Тем самым, с одной стороны, изначально обозначен личный опыт «трансцендирования жизни», переживания бесконечного ее «возобновления в процессах трансформации и обновления»[149]
. А с другой – такое личное преодоление человеком собственной изоляции и ограниченности является для героя (и автора, максимально сближающегося с ним) непременным условием, залогом подлинности проживаемой им жизни.При этом глубинное, метафизическое и экзистенциальное, даже «биологическое», ощущение целостности, переживаемое Арсеньевым, приводит, например, к тому, что текст, при всей признанной оксюморонности бунинского художественного мышления и стиля, с самого начала лишается «энергетики» противопоставлений, напряженности антиномической борьбы смыслов. Это суждение может, вероятно, показаться несколько парадоксальным, тем более если вспомнить, что книга открывается цитатой, смысл которой как раз определяет контраст «написанного» и «ненаписанного»: «Вещи и дела, аще не написаннии бывают, тьмою покрываются и гробу беспамятства предаются, написаннии же яко одушевлении» (6, 7).

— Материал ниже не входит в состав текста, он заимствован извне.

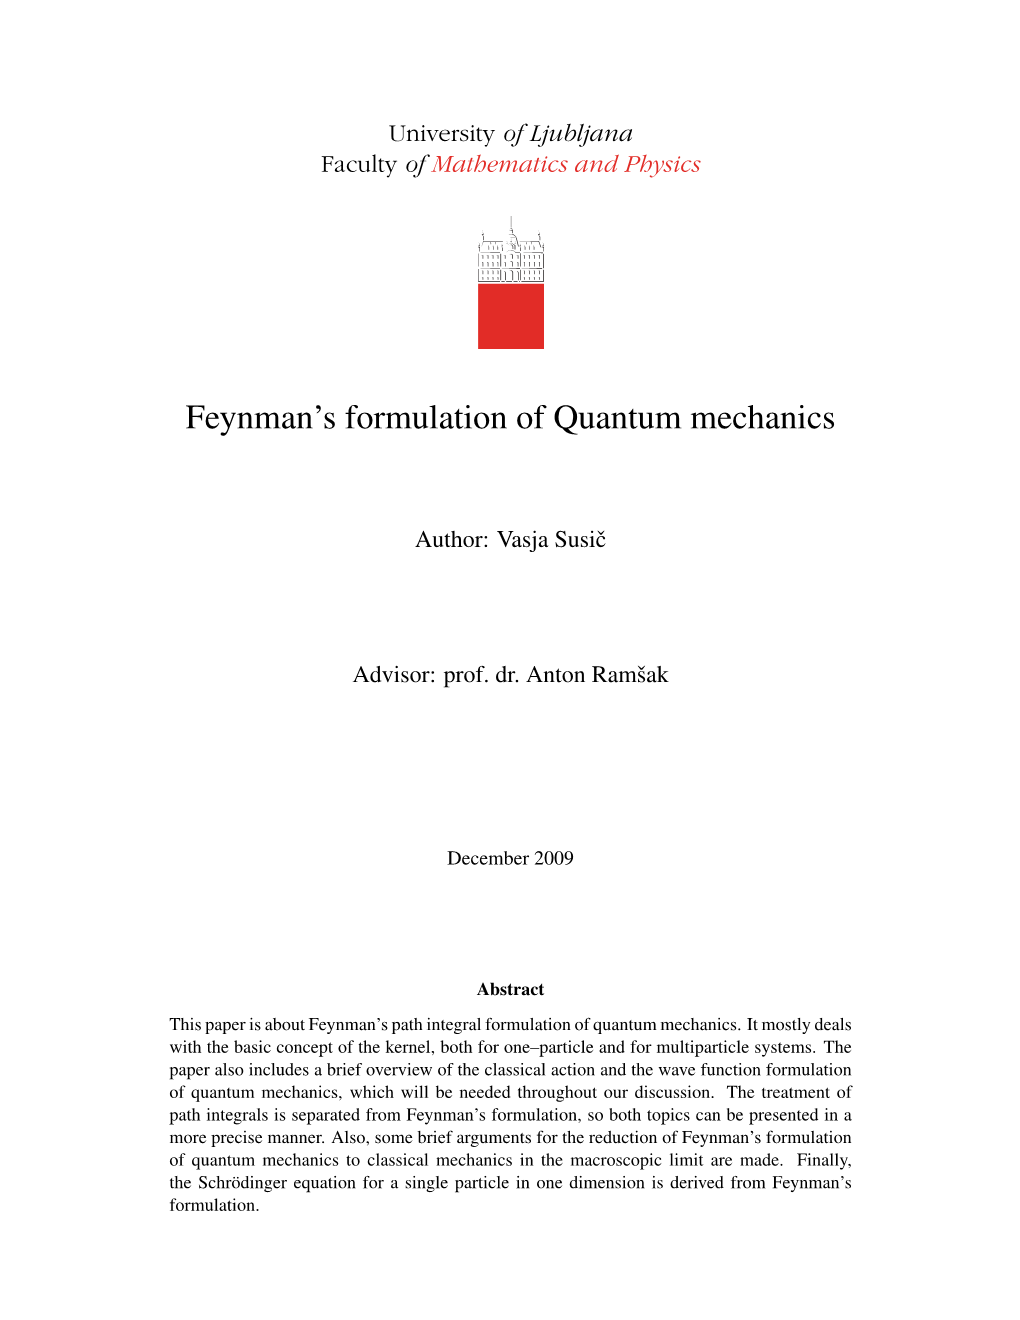 Feynman's Formulation of Quantum Mechanics

Однако в данном случае определенность высказывания, усиленная подчеркнутым противопоставлением, выдает внутренний императив художника, продиктована его однозначно определенным отношением к творчеству, к литературному труду, в том числе и к собственному – как возвращающему вечности мгновения подлинной жизни. (Правда, прибегнув к цитации, автор отчасти смягчает безоговорочность собственной позиции, «растворяя» свое «я» в интертекстуальном диалоге.)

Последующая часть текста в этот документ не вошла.